TASK DETAILS:
Give back the listing in full and exactly, leaving out the images.

Start of DATASET CONTENT

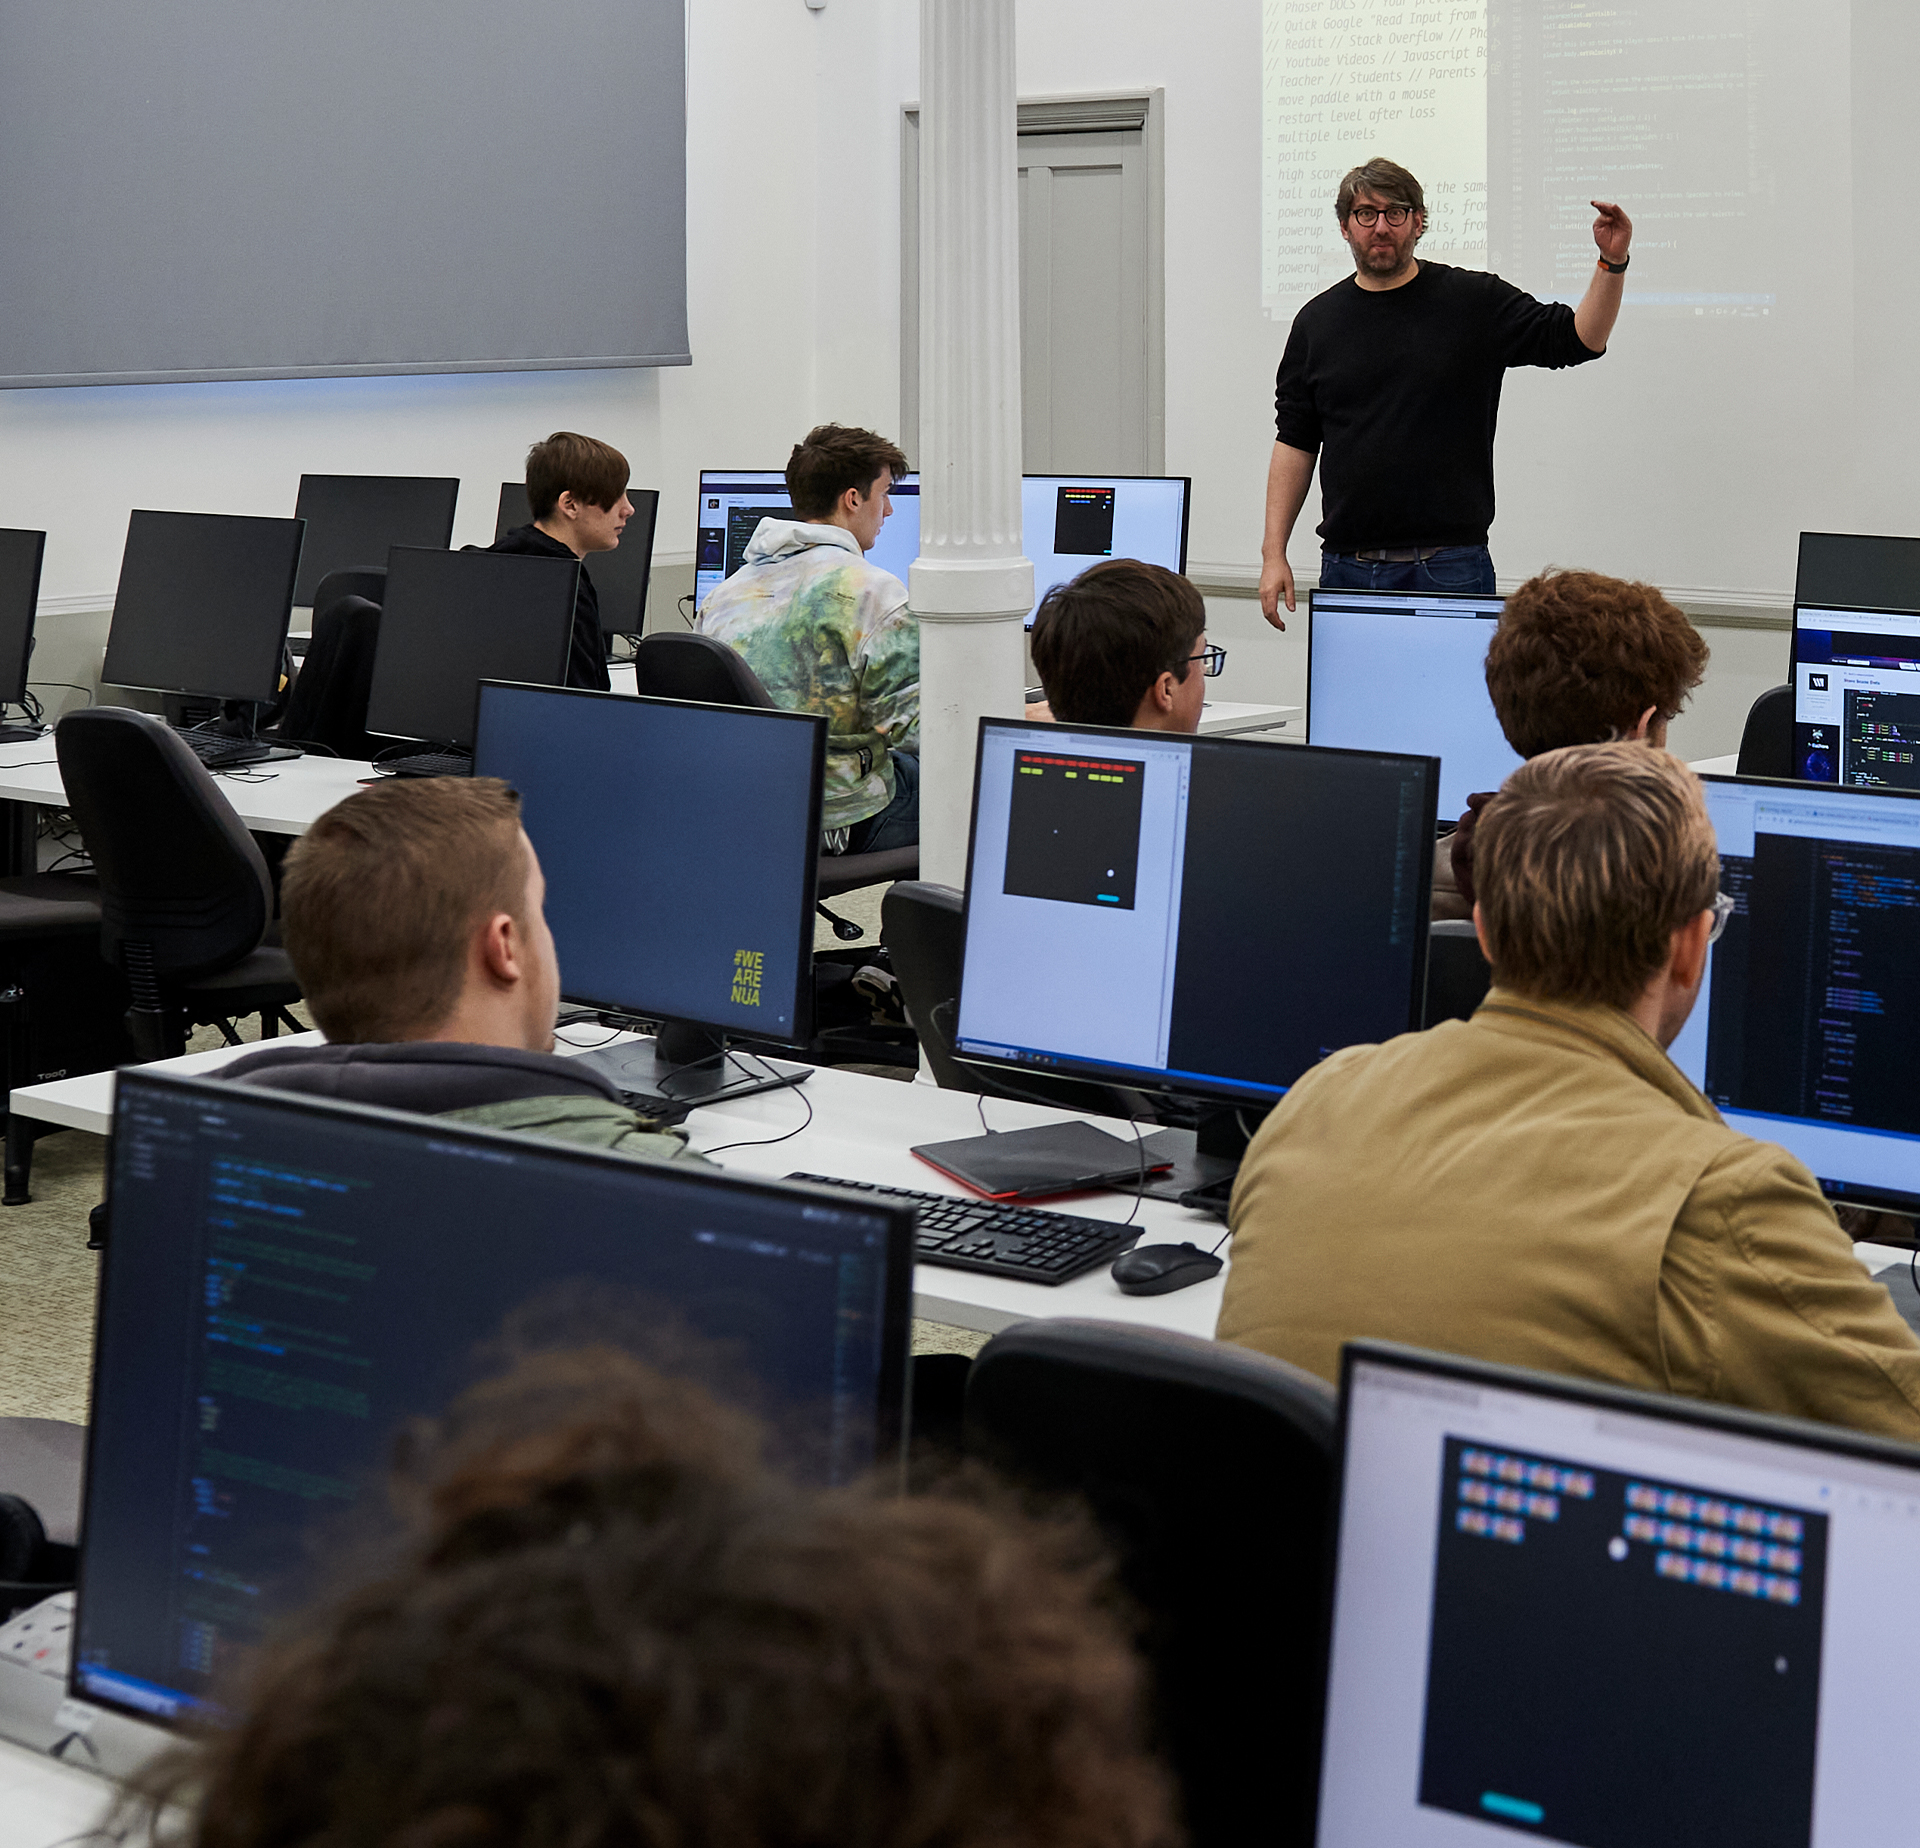 Technician teaching a Games Development workshop with students working on computers.
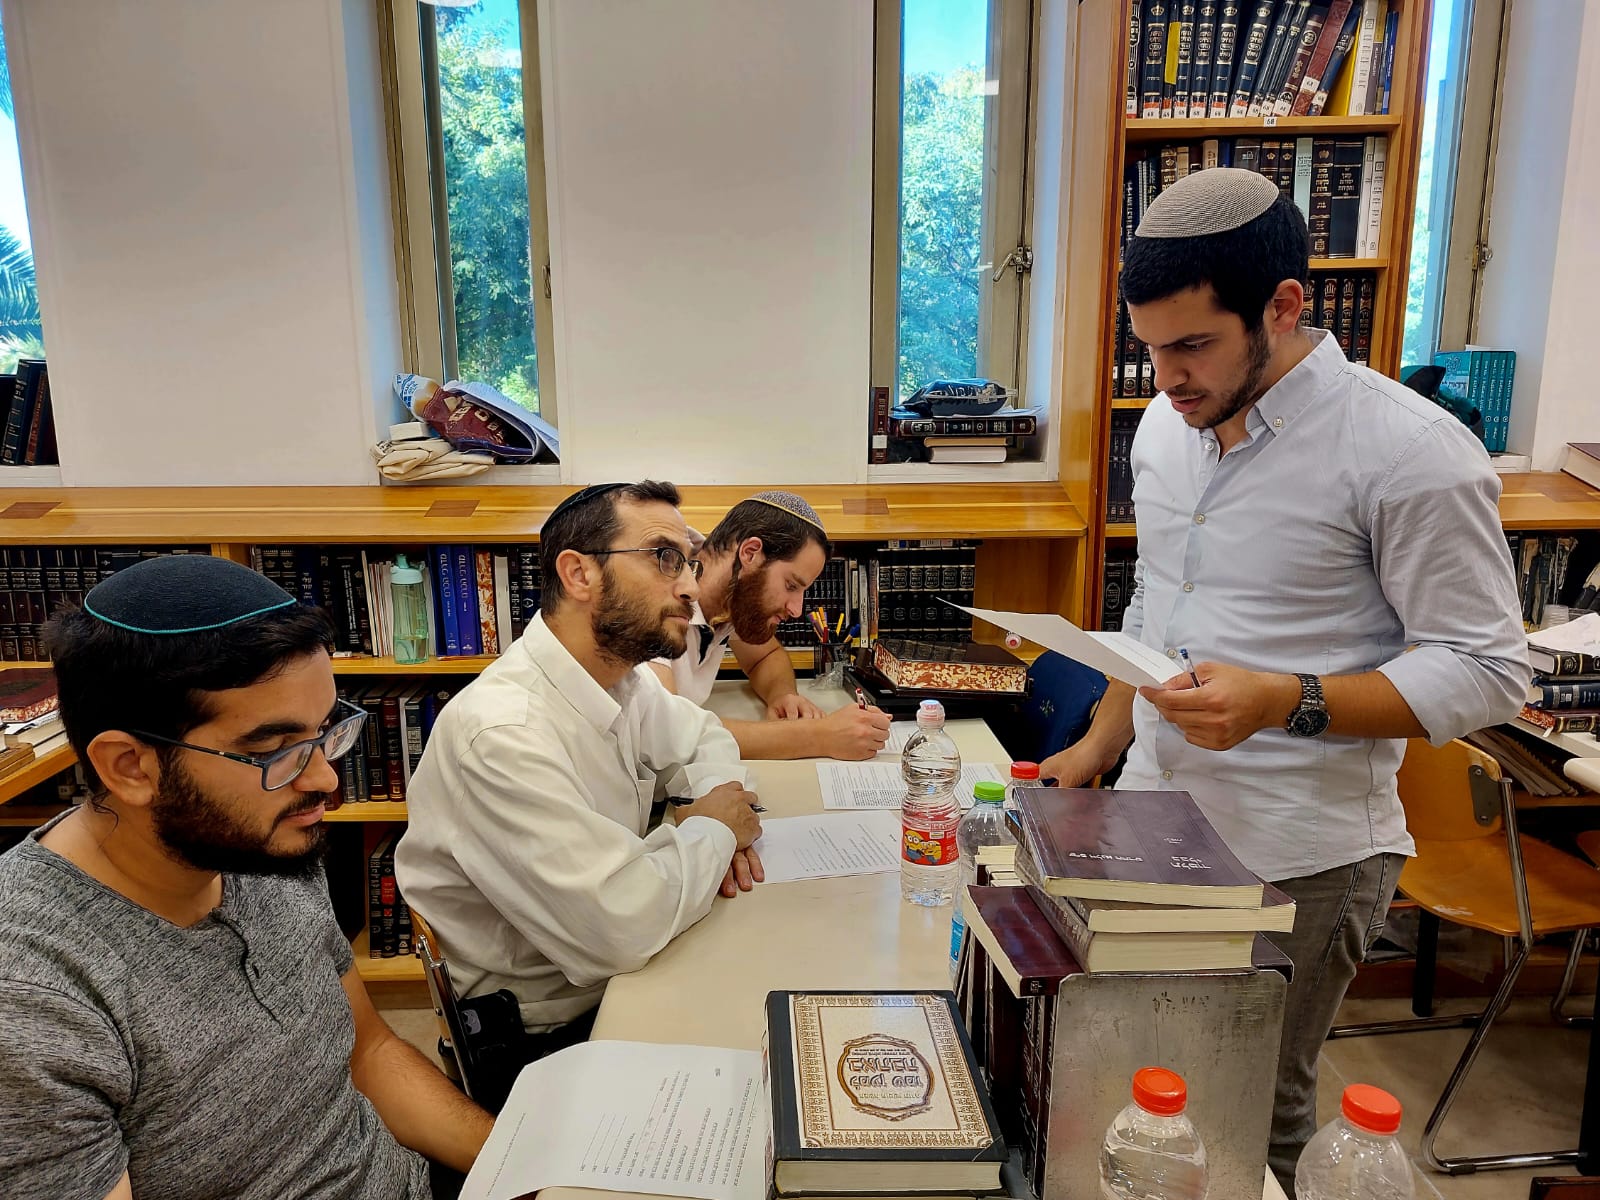 As Rosh Hashana approaches, the entire yeshiva gathered for Pruzbul writing in the Beit Midrash!
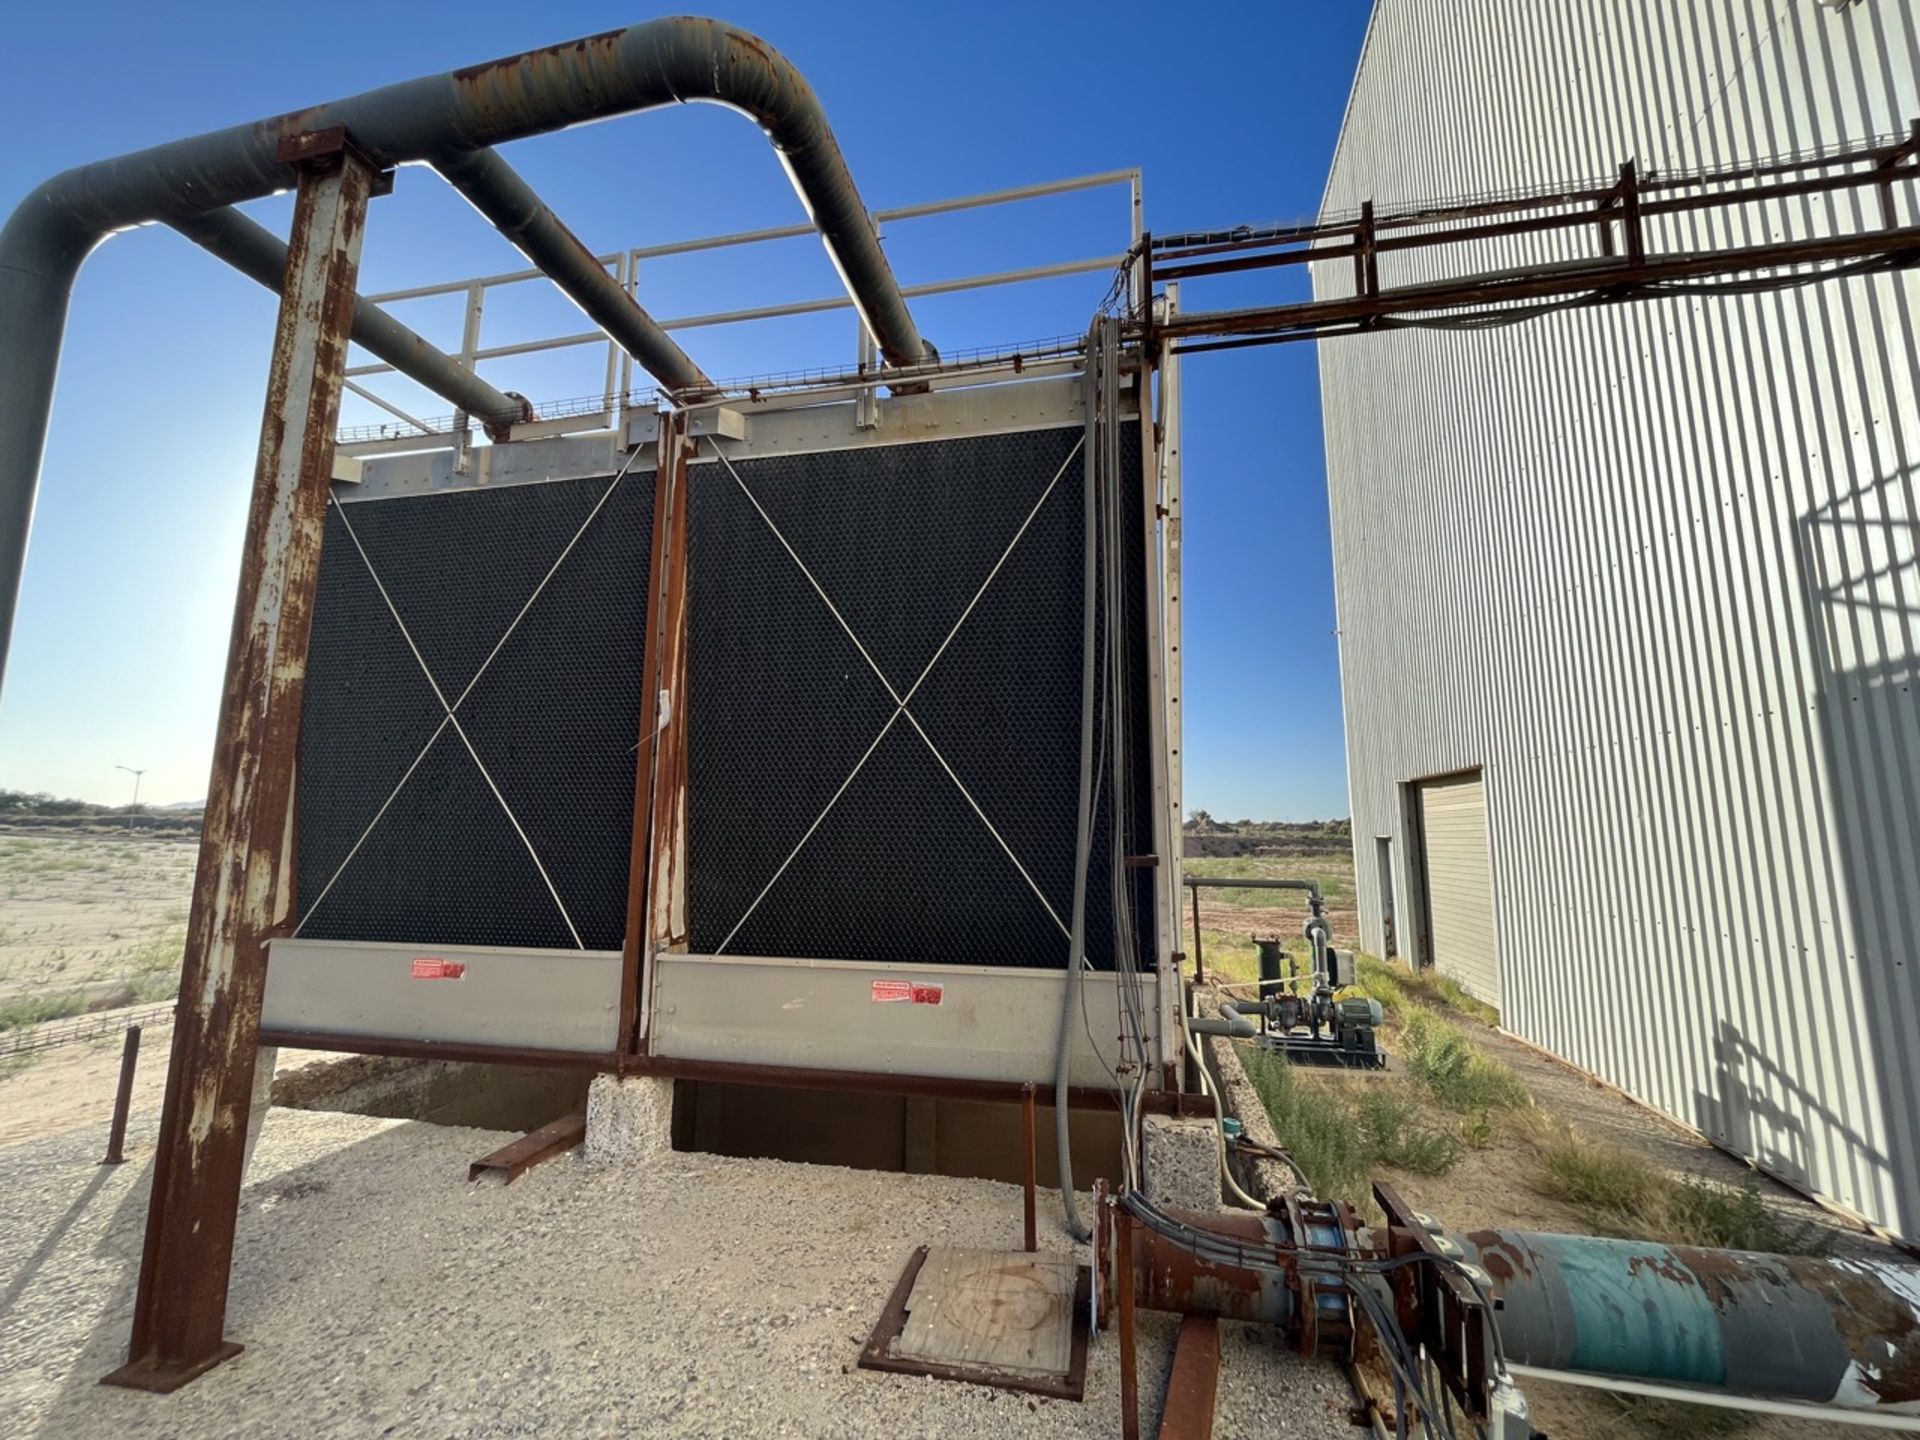 SPX Marley Cooling Tower, Model NC8403TAN2BGF, Series 10090866-A2-NC8403BG-14, Year 2009; 1 cell 25 - Image 6 of 23

End of DATASET CONTENT

ANSWER TO THIS EXERCISE:
 Technician teaching a Games Development workshop with students working on computers.
 As Rosh Hashana approaches, the entire yeshiva gathered for Pruzbul writing in the Beit Midrash!
 SPX Marley Cooling Tower, Model NC8403TAN2BGF, Series 10090866-A2-NC8403BG-14, Year 2009; 1 cell 25 - Image 6 of 23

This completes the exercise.